Occasional celluloid musings from BarryG

Tuesday 5 July 2011

Mikado

There's much to laugh at, for good and bad reasons, in The Mikado, the first (1939) movie version of a Gilbert and Sullivan musical. The only totally negative feature is the stagey OTT make-up, visible proof that swatches of theatrical mascara and other facial paint look awful in close-ups. The gaudy costumes and lavish stage designs are more acceptably outre, as they suit the mock-Japanese setting and the Oscar-nominated Technicolor cinematography.


Although the movie was filmed at England's Pinewood studios and used many stars and choristers from the Savoy Theatre's D'Oyly Carte Company, it was a Hollywood co-production. To maximise its appeal to non-British audiences, it hired an American radio pop star (Kenny Baker) to take the role of wishy-washy Nanki-Poo, the Mikado's son and "second trombone", and an Australia-based D'Oyly Carte veteran (John Barclay) to giggle manically as the ludicrously logical Mikado.
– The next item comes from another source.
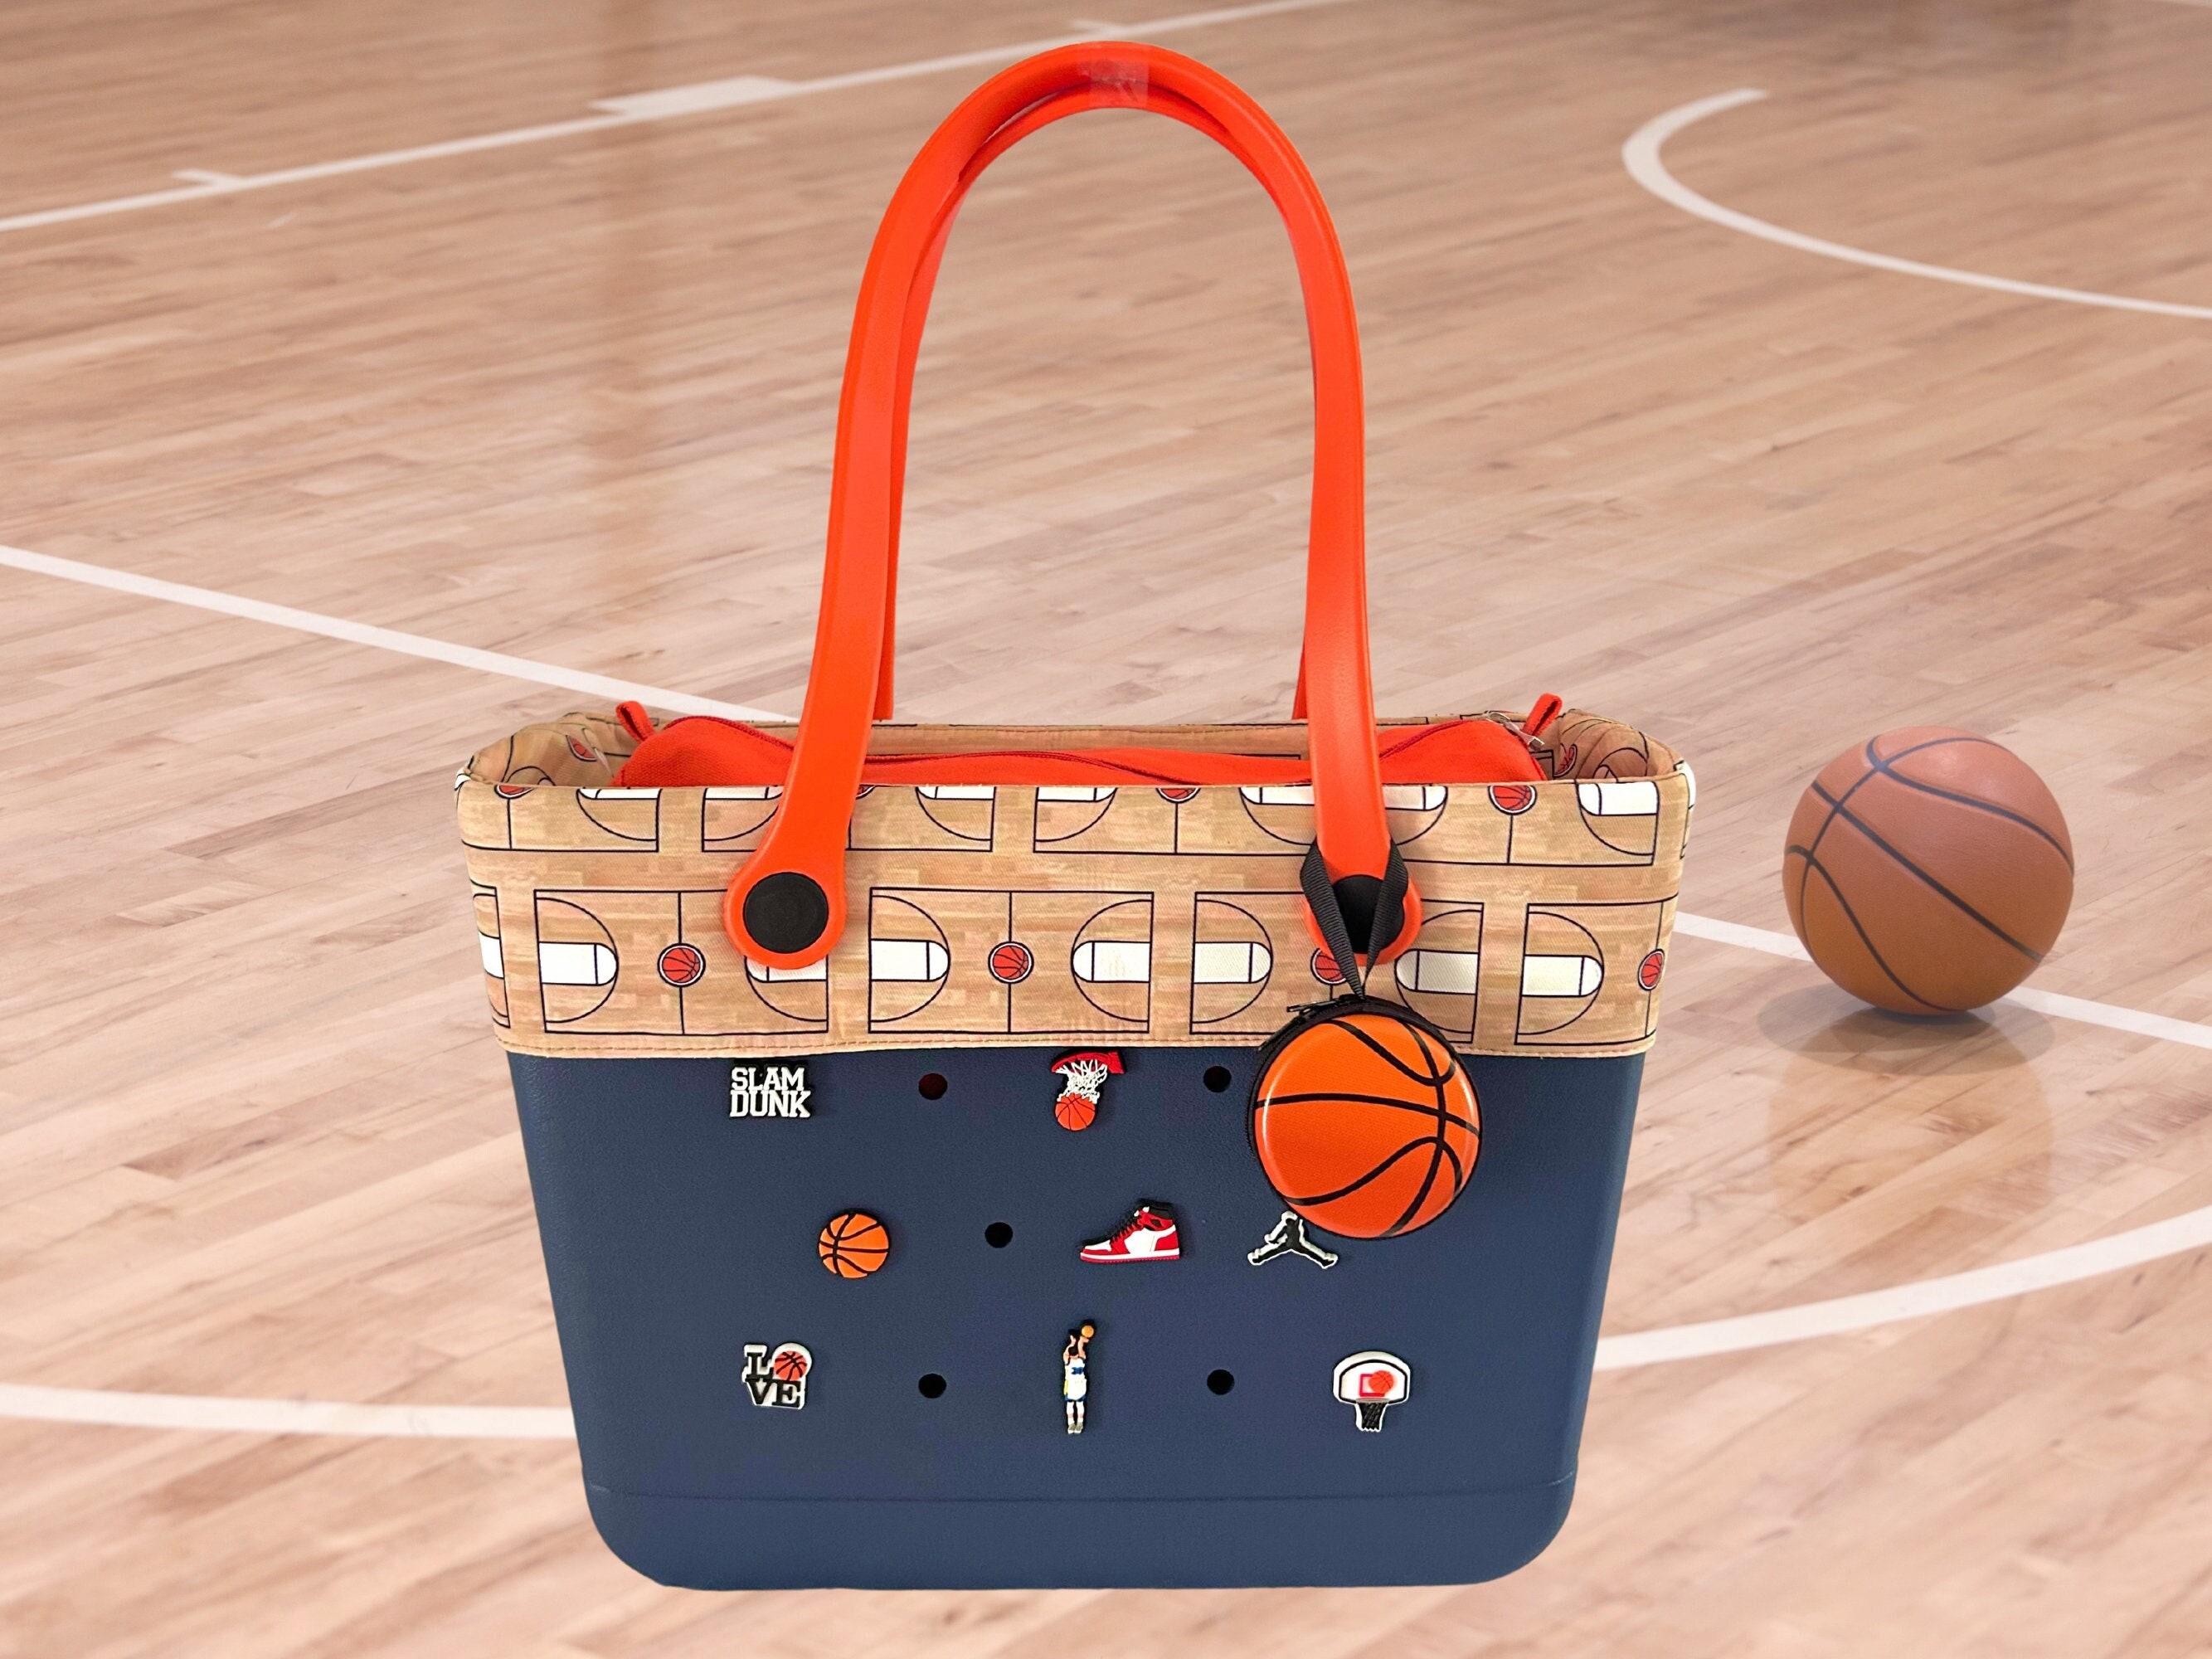  AUUXVA Canvas Tote Bag Heart Shape Basketball Sports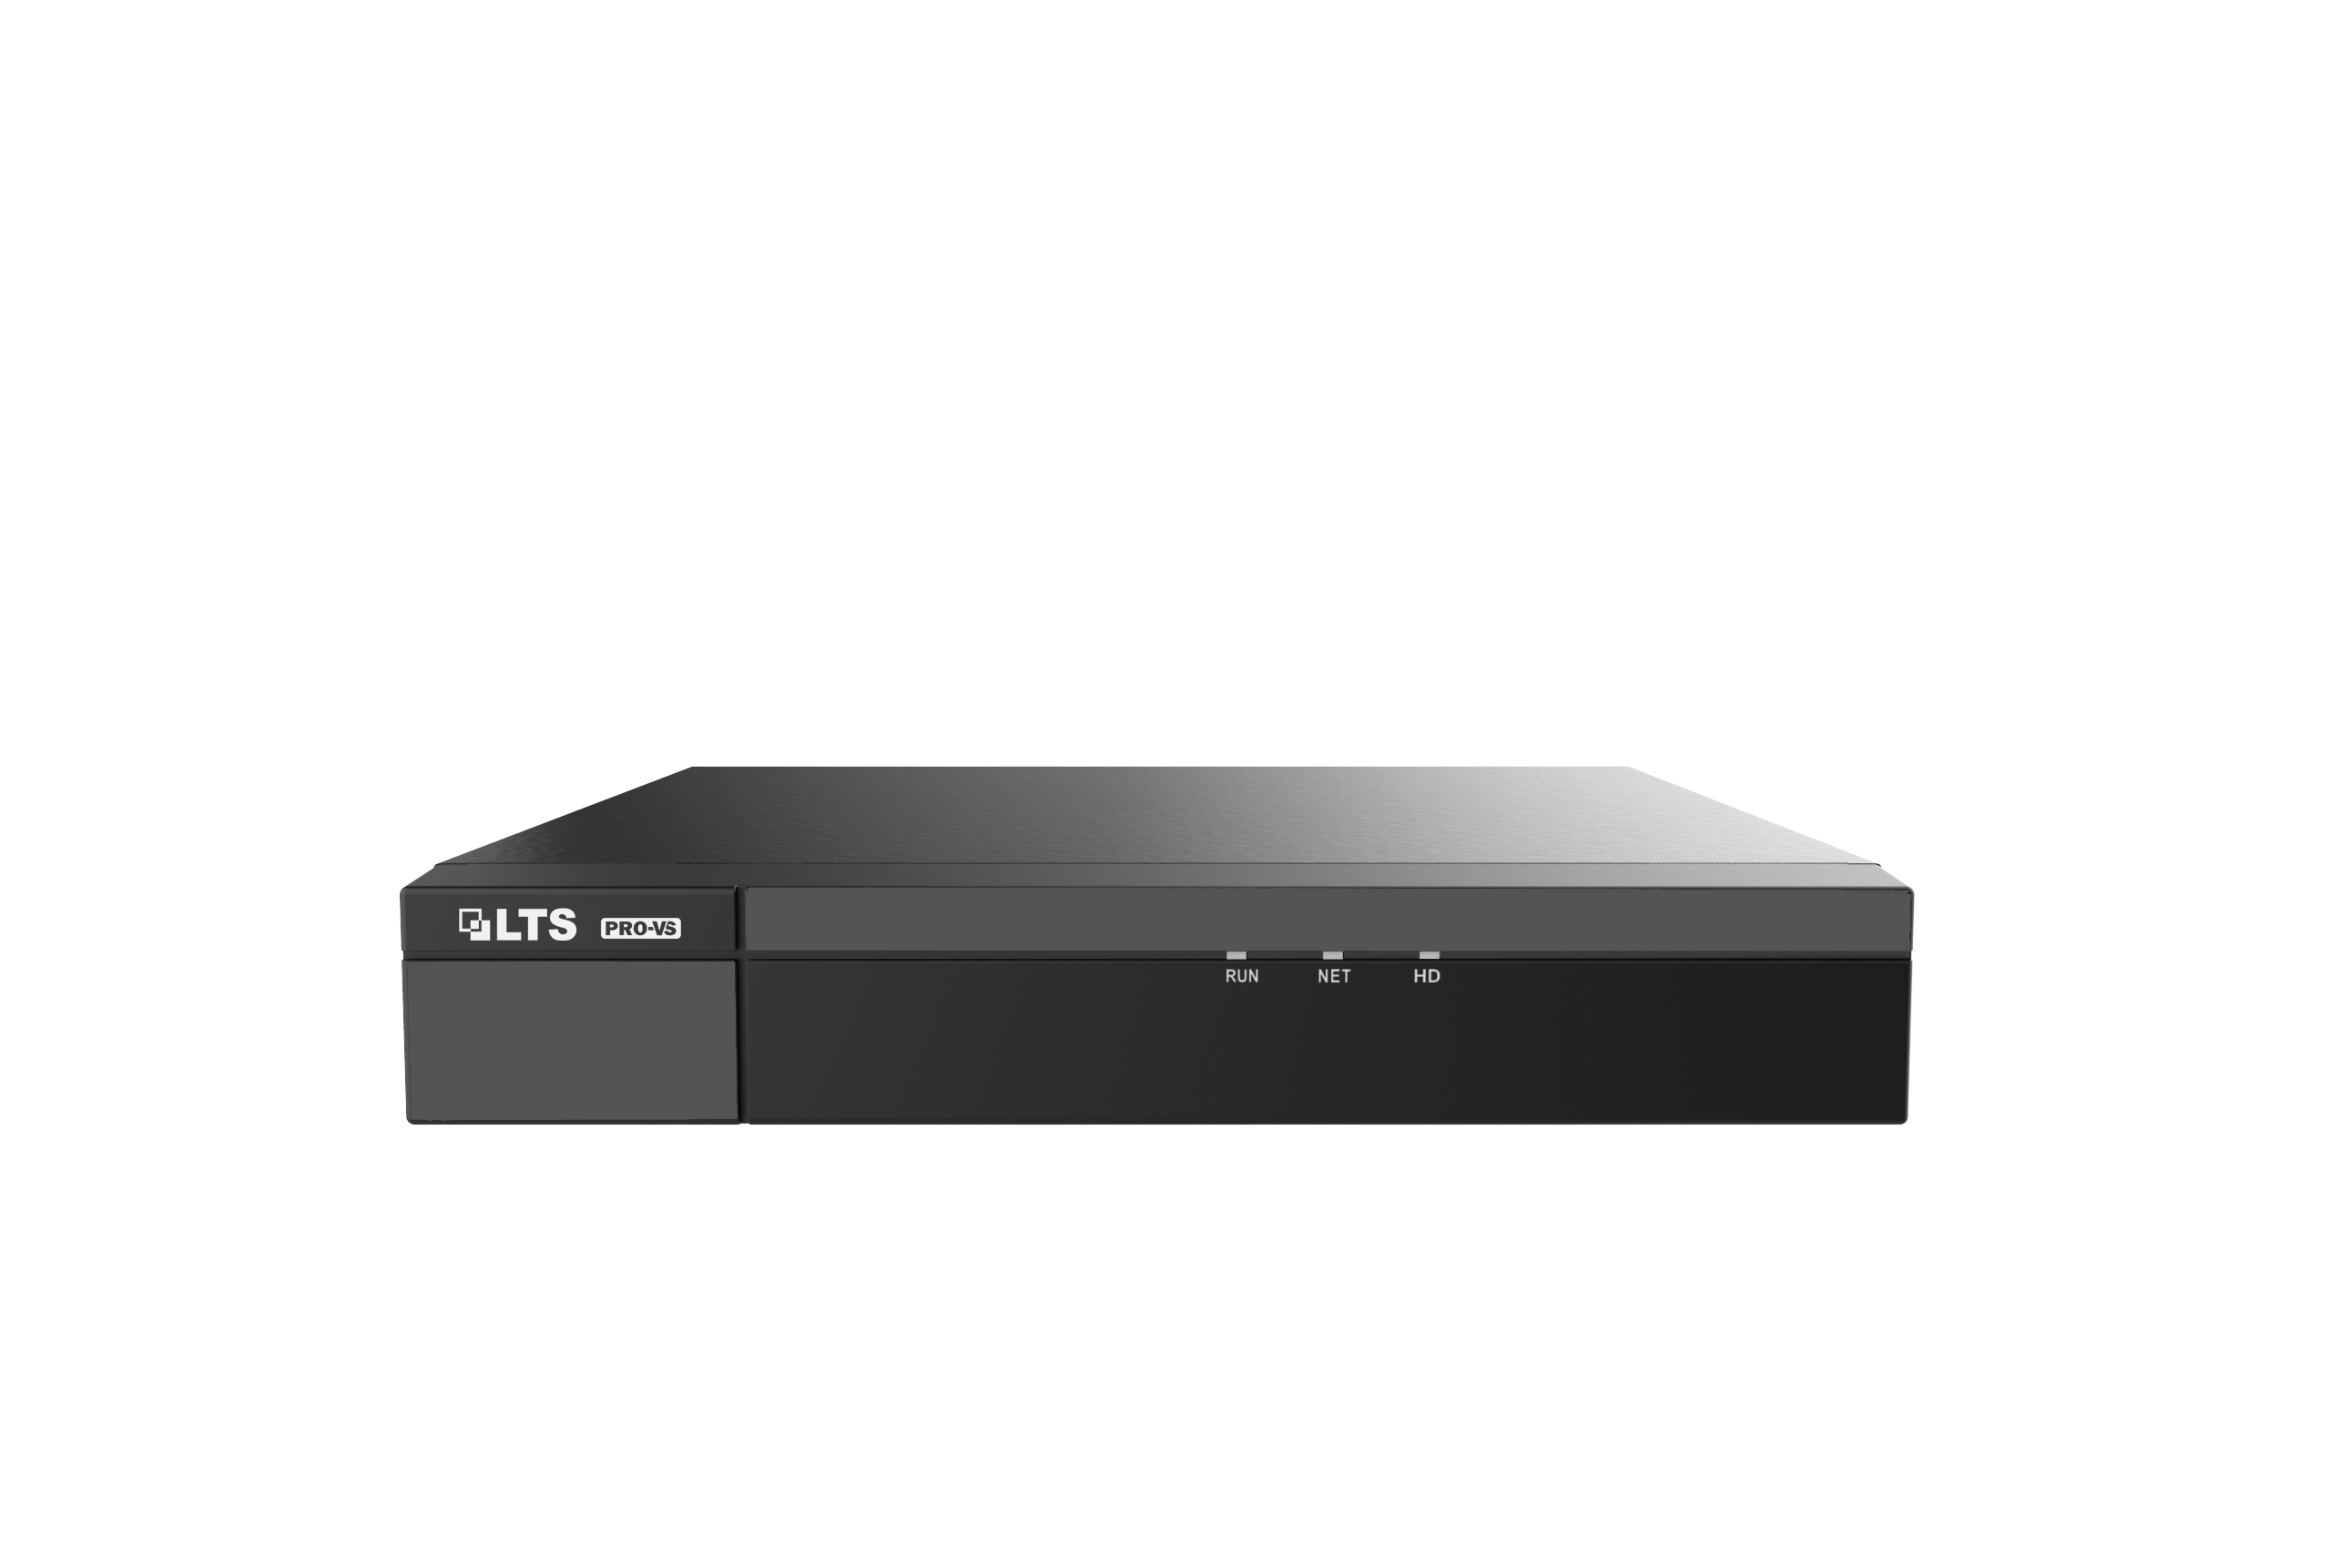 Platinum Professional Level 4 Channel NVR 1U SATA up to 6TB 2TB Pre-Installed Storage LTS LTN8704Q-P4-2TB 4 PoE Ports

A well-chosen Hollywood veteran talent took the director's chair. Trained as a violist and a composer, Victor Schertzinger had been Oscar-nominated for One Night of Love in 1934, and went on to make the first two Hope and Crosby Road movies. His last film, The Fleet's In, included four of his own songs, with lyrics by Johnny Mercer: Tangerine and I Remember You remain popular, explaining why the film's soundtrack (and sound recording) won Oscars in 1942. Schertzinger, at the age of 53, had died from a heart attack the previous October after completing the film (his 89th).

He worked with the then leading D'Oyly Carte stage director to add cinematic elements to a tradition-bound production that dared not stray too far from the beloved Gilbert's original 1885 staging. An explanatory prologue and a throng of extras were added, ornate costumes and sets were created, and various songs were cut (including two of baleful man-hungry Katisha's ballads). The Criterion DVD (published by its second-tier Janus division) includes one deleted scene: the Lord High Executioner's famous ditty about his "little list" of abhorred people, which included "nigger minstrels". In 1941, the producers hadn't seen the need to revise that, and also included a topical comic cut-away to an extra with a Hitlerian moustache.

English director Mike Leigh (whose Topsy Turvy focused on The Mikado and the G&S/D'Oyly Carte working relationships) provides an illuminating to-camera commentary in another DVD item. Similarly, two American academics comment in useful detail, their remarks amplified by short clips from the movie. As so often, Criterion's packet transforms a pleasant movie into a worthy cinema relic.